We have seen that female leaders are just as likely to behave and support or make decisions not in line with stereotyped gender expectations or support initiatives for women. They don’t become softer, more collaborative and other centred. There have been some striking examples of this recently in female leadership:
- Marissa Mayer – stopped employees tele-commuting when she took over as CEO of Yahoo. The same strategy is now being employed by IBM with a female CEO, Ginny Rommetty.
- Irene Rosenberg CEO of Mondelez pulled out of the Fair Trade Agreement for Cocoa products despite personal earnings of $28 million. She didn’t blink when she closed down the Cadbury plant in the U.K. backtracking on previous promises.
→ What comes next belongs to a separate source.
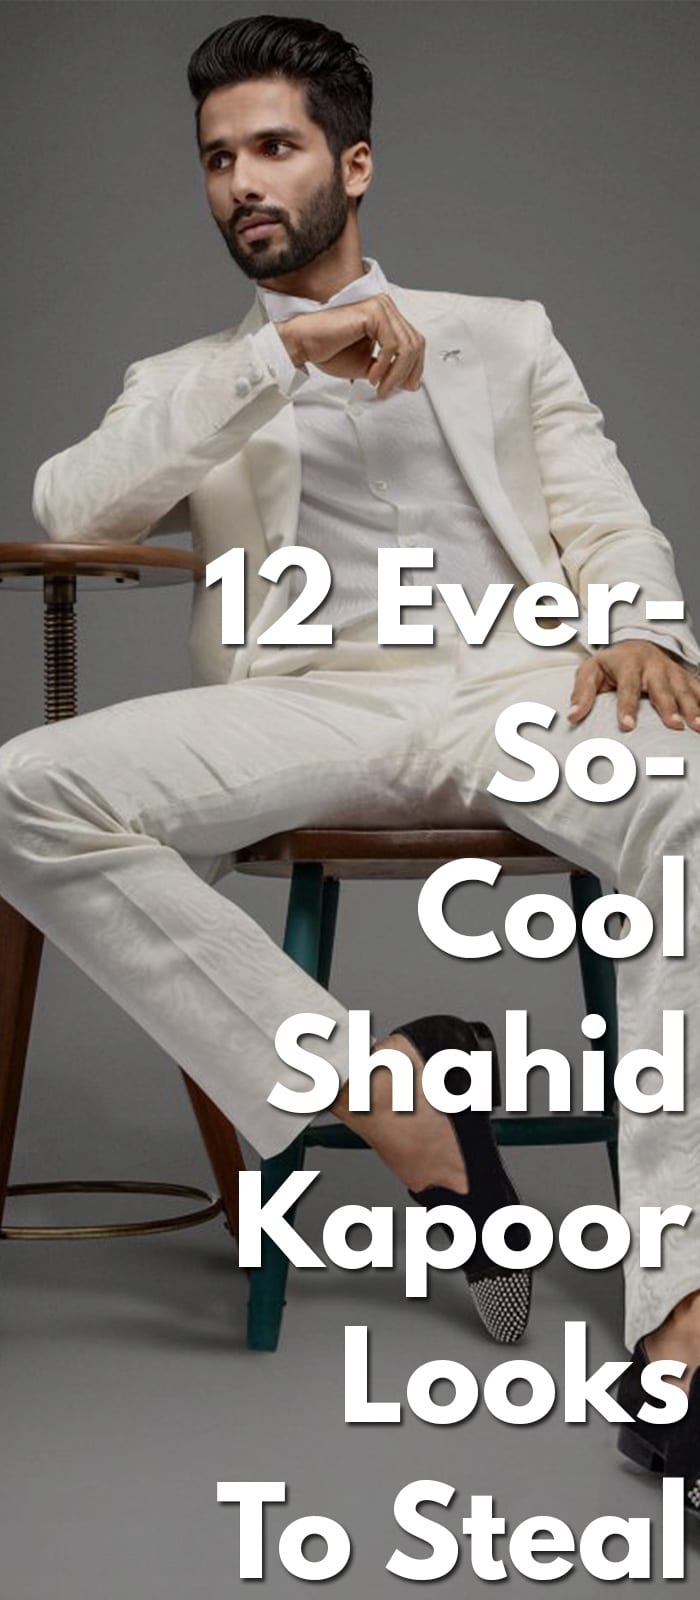 12 Ever-So-Cool Shahid Kapoor Looks To Steal.

- Theresa May (UK PM) and Amber Rudd (UK Home Secretary) supported an appeal to the Supreme Court by the Metropolitan police after the women won a human rights case over serious failures in the way police investigated a serial rapist.
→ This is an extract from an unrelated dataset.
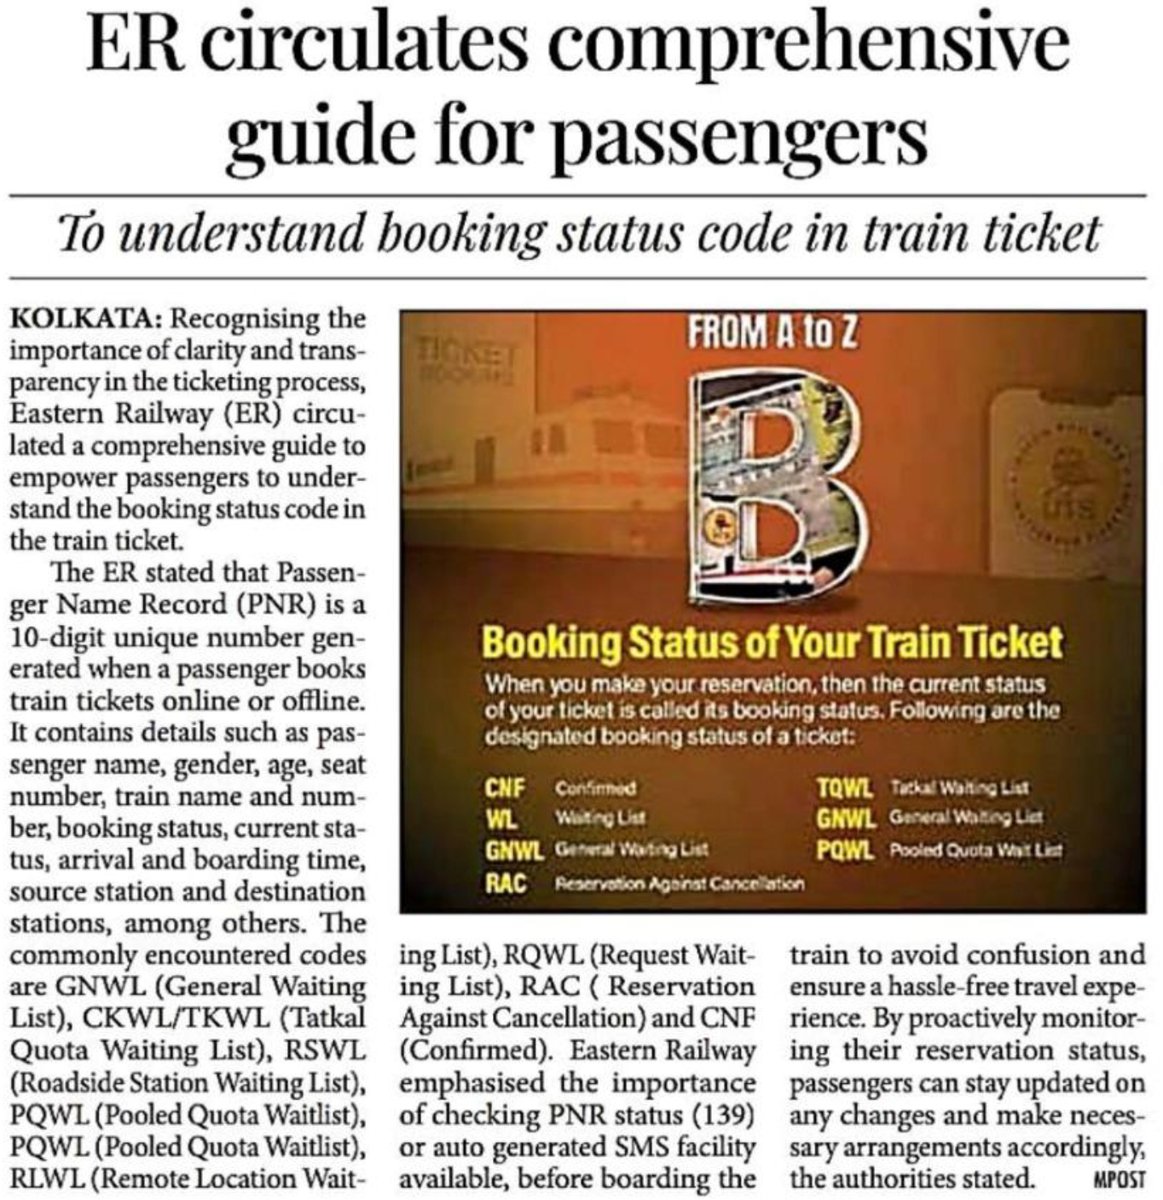 ER circulates comprehensive guide for passengers

The best skills for the job always depend on the context and these can be gender balanced and gender neutral. Women are said to favour a more collaborative approach which is now being associated with higher levels of burnout. They can also lean towards a more task orientated style, which works well in situations where safety or compliance is important, but perhaps less effective in creative thinking and innovation. Hence we have heard of the Lehman Sisters Hypothesis where it is suggested that a more heavily female dominated leadership might have avoided a global recession. Research from Elizabeth Sheedy, Associate Professor – Financial Risk Management, Macquarie University disputes this:
“… we also assessed the extent to which each staff member was risk-loving or risk averse – in other words, their individual risk tolerance. We found people who are more risk loving are generally less likely to display good risk management behaviour.”
Gender was not a factor.
Both men and women should look at the range of qualities that can make a great leader, and decide which ones to nurture in themselves, depending on their career goals and personal strengths. These qualities will be gender bi-lingual
[Tweet “It’s time to move away from the notion that gender is a key differentiator in leadership style.”] What we need is leaders who display a range of characteristics, styles and traits which expands the range of talent in an organisations leadership pool. These skills can be exhibited by both men and women.
What we also have to do is stop promoting and rewarding incompetent men simply because they are male. An article from 2013 in Harvard Business Review Why Do So Many Incompetent Men Become Leaders by Tomas Chamorro-Premuzic suggested:
The result is a pathological system that rewards men for their incompetence while punishing women for their competence, to everybody’s detriment.